C. Find the appropriate transformation:
- data transformation is necessary because RT data are virtually always positively skewed; given that a normal distribution is one of ANOVA's assumptions one can only trust the results of the inferential statistics it the one has removed the positive skew prior to the analyses (removing the skew also increases statistical power); deletion of individual outlier responses is necessary because it is quite common that the participants either "fall asleep" or press the button box instead of the button on some trials; the issue of data transformation and the deletion of individual outlier responses is tricky one because both are related; transforming data changes some outliers into valid observations and deleting outliers affects the skew; the basic idea is to chose the appropriate transformation for the observations that are clearly no outliers then to do the outlier analysis on the transformed data that include all observations
- create a new data set (e.g., "newdata") where each response latency corresponds to a different observation (e.g., if 40 participants each produced 60 responses, the new data set has 2400 observations); the new data set should contain the following variables: observation number ("idrl", here: from 1 to 2400), participant number ("id", here: from 1 to 40), response number ("respnumb", here: from 1 to 60), the response ("resp", in its new form, i.e., "correct" or "incorrect", probably coded 0 and 1), the response latency ("rl", in msec)
- sort the data based on response latency; in SAS, have the stats software list the smallest 5% and the largest 10% of the observations (here: the first 120 and the last 240 observations)
- check for response latencies that are clearly due to failures of the computer program (e.g., 0000 and 9999) and change them into missing values; check for other inconsistencies
- do univariate statistics on the response latencies to get the mean, the standard deviation and observations at the extremes of the distribution
- create a new response latency variable (e.g., "nrl") which corresponds to the old response latency variable ("rl")
- in the new response latency variable, change the smallest 1% of the observations into missing values (here: the fastest 24 response latencies); if the cut-off point is below 300 msec change all observations below 300 msec into missing values
- change also the largest 5% of the observations into missing values (here: the slowest 120 response latencies); if the cut-off point is more than 4 standard deviations above the mean change all observations higher than 4 standard deviations above the mean into missing values
- create several new variables that correspond to the new response latency variable ("nrl") but that have been subjected to different transformations; the most common transformations are:
a) nv1 = (ov).5 = (square root transformation)
b) nv2 = ln (ov) (logarithmic transformation, natural logarithm)

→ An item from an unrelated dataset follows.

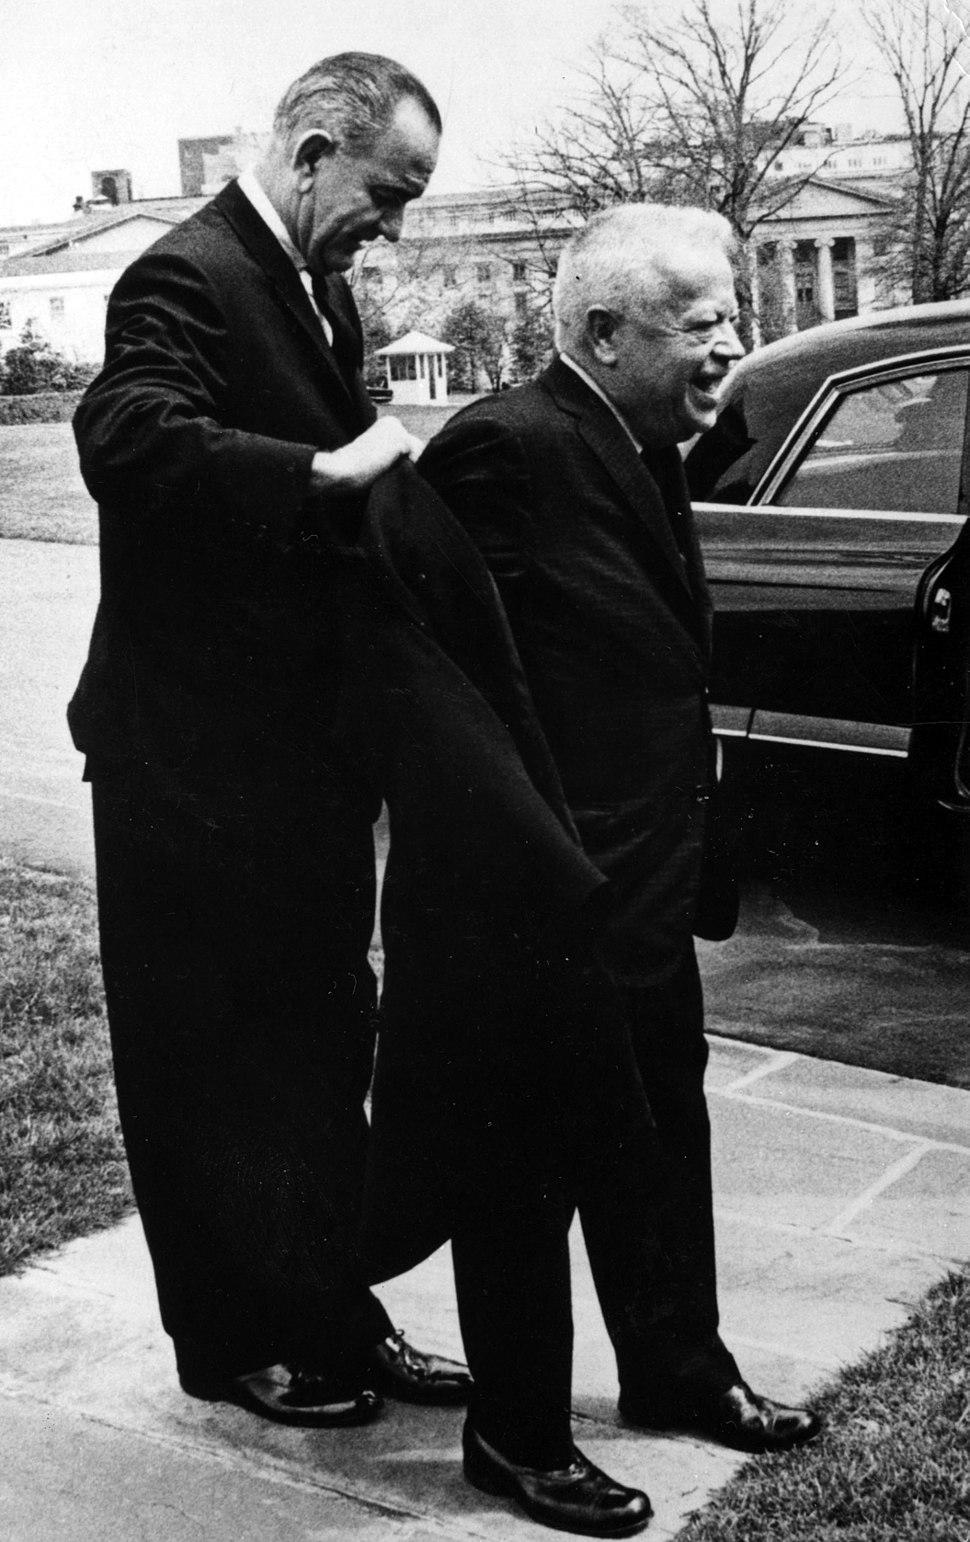 Lyndon B. Johnson helps David Dubinsky put on his coat.

c) nv3 = (ov)-.5 = (square root reciprocal transformation)
d) nv4 = (ov)-1 = 1/ov (reciprocal transformation)
e) nv5 = (ov)-2 = 1/(ov)2 (squared reciprocal transformation)

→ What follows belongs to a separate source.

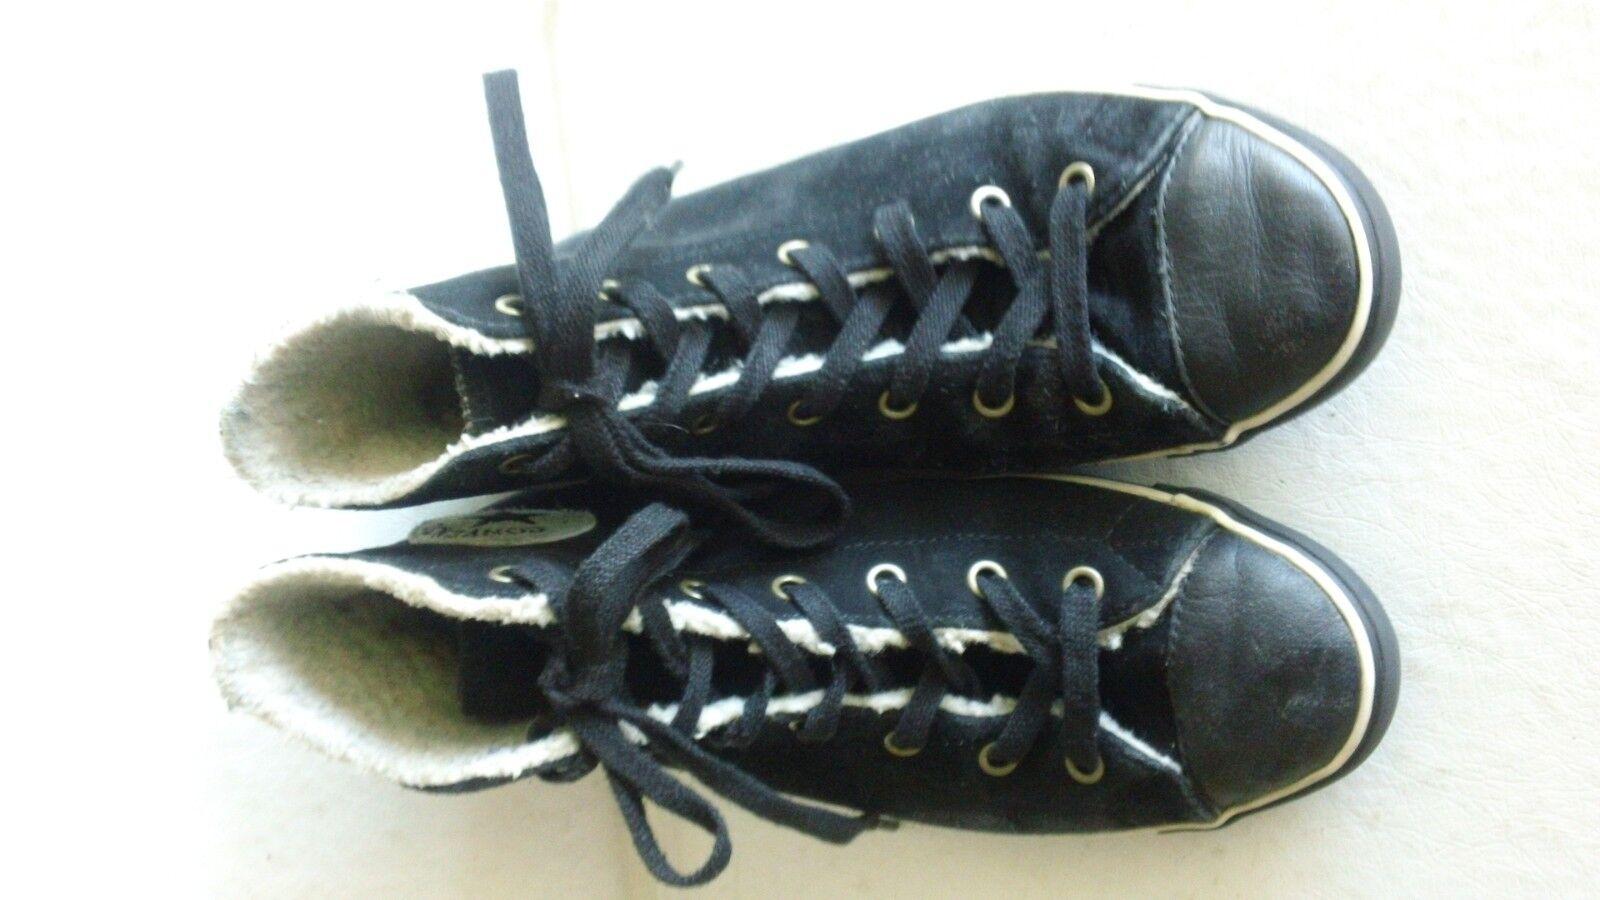 Señoras negras de de de ante Chuck Taylor All Star Converse Forrado High Top zapatillas 7.5  ahorra 50% -75% de descuento

- in order to maintain the rank ordering of observations and for easier handling of the data it is suggested to linearly rescale the transformations (which does not affect their distributional properties):
a) nv1 = (ov).5 ( COMPUTE nrlt1 = nrl**.5 . )
b) nv2 = ln (ov) ( COMPUTE nrlt2 = LN(nrl) . )
c) nv3 = (((ov)-.5)*-1000)+60 ( COMPUTE nrlt3 = ((nrl**-.5)*-1000)+60 . )
d) nv4 = (((ov)-1)*-10000)+40 ( COMPUTE nrlt4 = ((nrl**-1)*-10000)+40 . )
e) nv5 = (((ov)-2)*-1000000)+20 ( COMPUTE nrlt5 = ((nrl**-2)*-1000000)+20 . )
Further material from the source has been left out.